In this guide, I will break down how Gooseworks works, what makes its “AI co-worker agents” approach powerful, and exactly how to set one up today. You will also get real-world use cases you can copy, plus a practical FAQ so you can move fast without guessing.
Table of Contents
- What are AI co-worker agents (OpenClaw-style) and why Gooseworks?
- Meet Gooseworks: build your first AI coworker in minutes
- Inside Gooseworks: mission control, skills, plan mode, and tool calls
- Automations: schedule work, not just conversations
- How to set up a lead generation + lead nurturing workflow (copy this)
- From “helpful” to “productive”: content and research on demand
- Telegram and Slack: run your agent from anywhere
- Combine chat + automations for business systems (SEO audit weekly)
- Why this can feel better than hiring a human (with one big caveat)
- Set up your Gooseworks agents today: a practical checklist
- Suggested next steps (resources to go deeper)
- Multimedia ideas to strengthen this post
- FAQ
- Final thoughts
What are AI co-worker agents (OpenClaw-style) and why Gooseworks?
When people say “AI agent,” they often mean a chatbot with extra features. Gooseworks takes it a step further. You create an AI co-worker (an agent) that can:
- Use your context (your knowledge, documents, preferences)
- Choose how to respond (direct, opinionated, decisive style)
- Call tools (skills for writing, web research, email, file uploads, etc.)
- Operate across integrations like Slack and Telegram
- Run on schedules using automations (cron-style)
- Keep working 24/7 without waiting for you to type every prompt
That is the OpenClaw-style idea in plain English: not just talking to AI, but coordinating AI coworkers that can do tasks for your business.
Meet Gooseworks: build your first AI coworker in minutes
Gooseworks lives at gooseworks.ai. The first thing you do is build your “team” of AI coworkers.
1) Create an agent (pick a name and an avatar)
You start by naming your agent. The interface lets you pick an avatar (the geese theme is genuinely kind of funny), then continue.
2) Give it context: ChatGPT knowledge, Claude knowledge, or other knowledge
Next, Gooseworks asks for knowledge inputs. In practice, this means you can give it context from existing systems (for example ChatGPT knowledge or Claude knowledge, depending on what you connect). The goal is simple: your AI coworker should understand your business, your tone, and the way you operate.
Why this matters: an agent that only answers generically is useful. An agent that answers like “your” coworker is the difference between “nice demo” and “this saves me hours.”
3) Choose how the coworker replies: direct, decisive, opinionated
Gooseworks also lets you set response behaviour. The transcript example used a direct and decisive style because it leads to clearer outputs.
If you are running a business, you do not want long-winded hesitations. You want work done, followed by a decision or next step.
4) Connect where you communicate: Slack and Telegram
Onboarding recommends integrations. Connecting is straightforward: click connect and follow the walkthrough.
This matters because Gooseworks can operate from the channels you already use daily, including Slack and Telegram.

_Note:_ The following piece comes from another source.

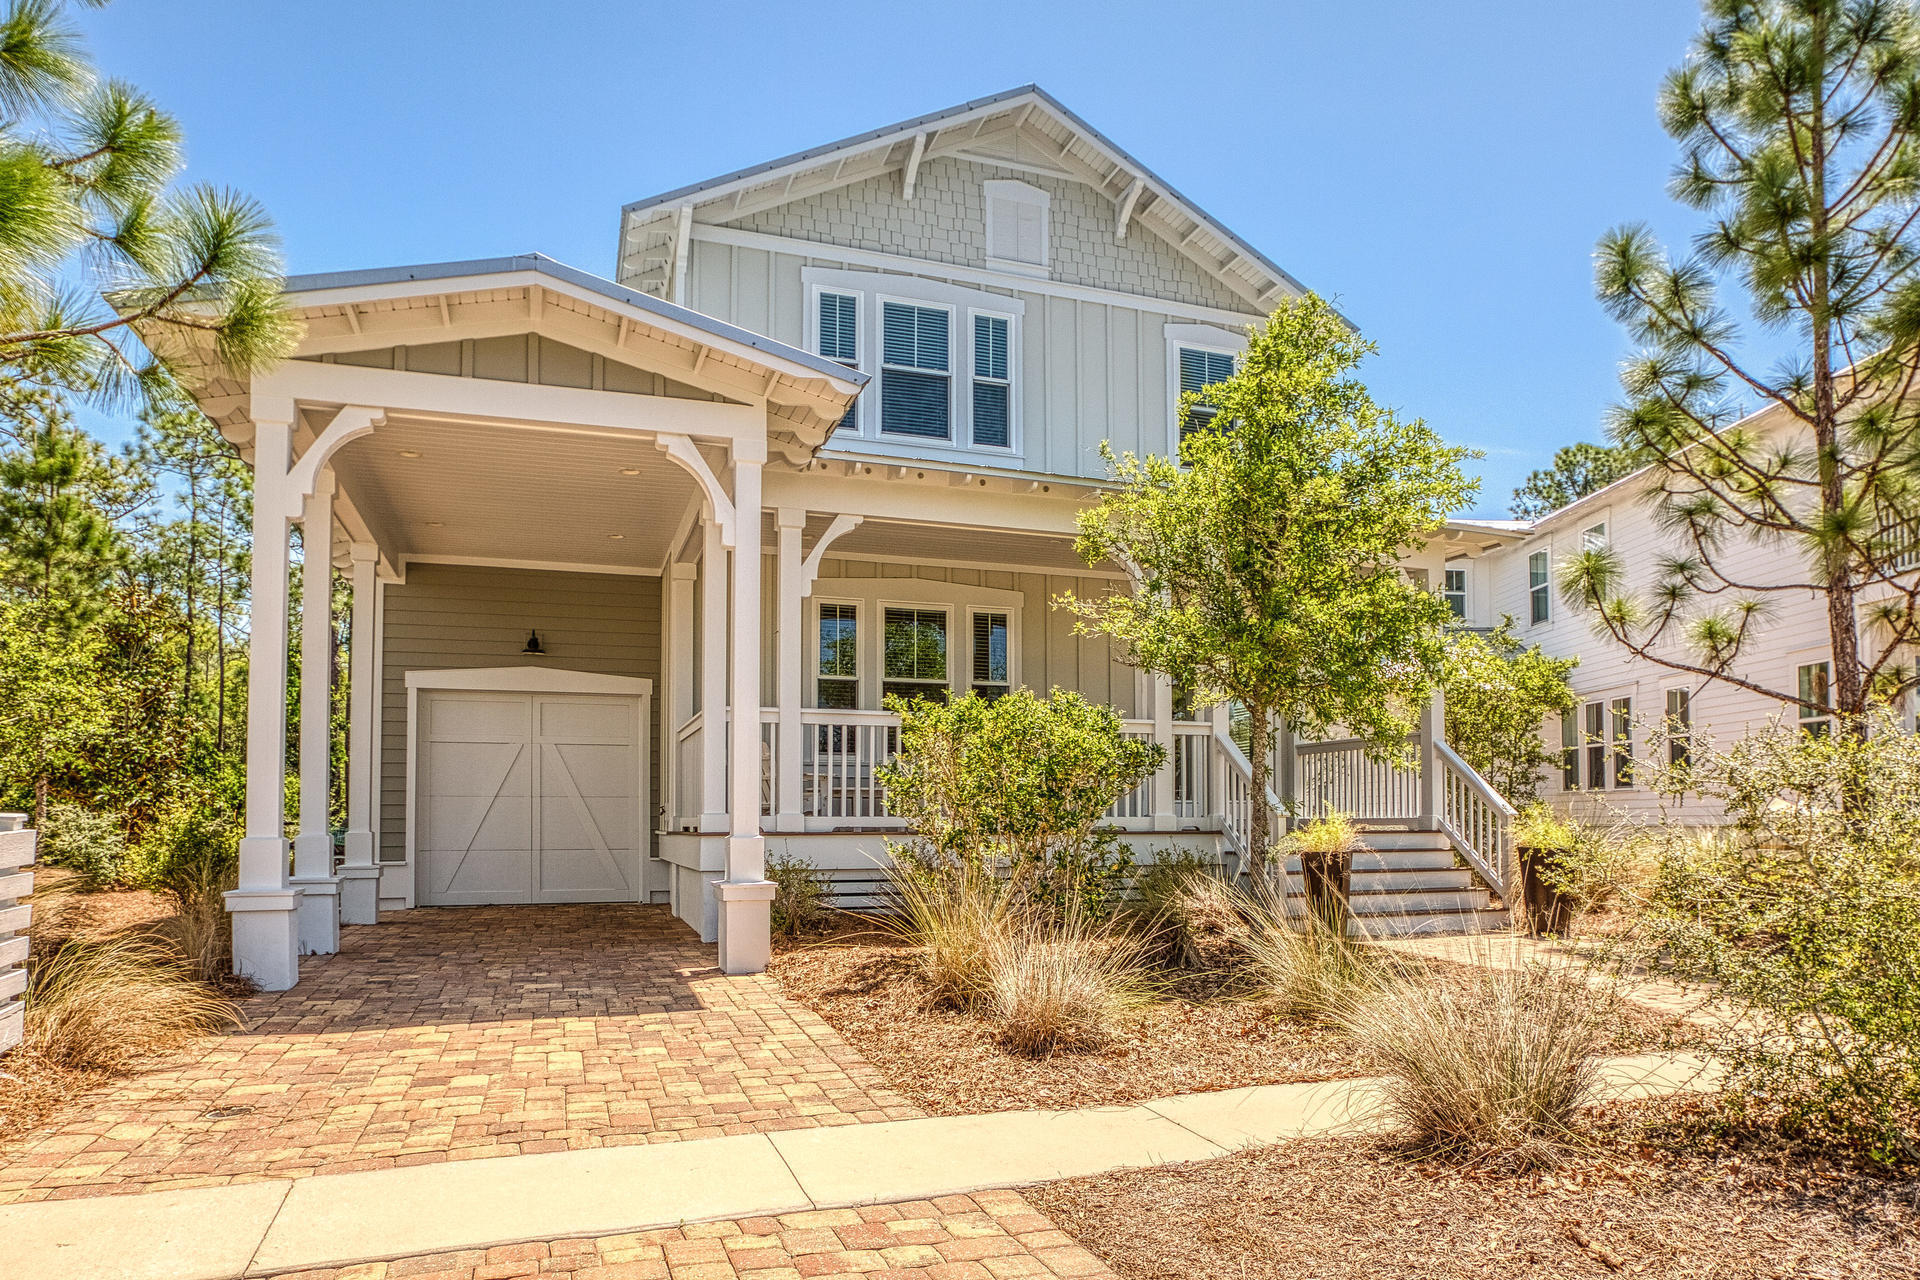 Photo of home for sale at 58 Salamander, Santa Rosa Beach FL

Inside Gooseworks: mission control, skills, plan mode, and tool calls
Once your agent exists, Gooseworks provides a workspace-style interface that makes the agent’s work transparent.
Mission Control: track tasks, review outputs, and see tool calls
In “mission control,” you can see:
- Current tasks the agent is running
- Tool calls it made
- Chat history and searches
- Items needing your review
- Unread items and messages coming from Slack/Telegram
This is huge for real business use. You do not want an AI that feels like a black box. You want to know what it did, what it used, and what it needs from you.
Plan mode vs thinking mode
Gooseworks includes modes like:
- Plan mode: lets you plan tasks without taking action
- Thinking mode: encourages deeper reasoning
In other words, you can decide when your coworker should act immediately and when it should propose a plan first.
Attach files so it learns faster
Gooseworks lets you upload files directly into the agent workspace. The better the files, the smarter the outputs.
Think of it like onboarding an employee:
- Upload your policies, FAQs, and service descriptions
- Add your product or service details
- Include brand voice examples (blog posts, social captions, email templates)
- Provide past research, competitor comparisons, and pricing context
If the agent has strong material to reference, it produces better answers with less back-and-forth.
Skills: hundreds of building blocks for specific jobs
Gooseworks has a “skills” catalogue. Instead of expecting one giant prompt to do everything, it uses skills to specialise.
Examples mentioned include:
- Ads-related skills
- Landing page skills
- Coding skills like creating HTML carousels
- Video-related skills
- Email-related skills
- Web search and writing workflows
If a skill does not exist, Gooseworks can help create or configure a custom agent flow for the task.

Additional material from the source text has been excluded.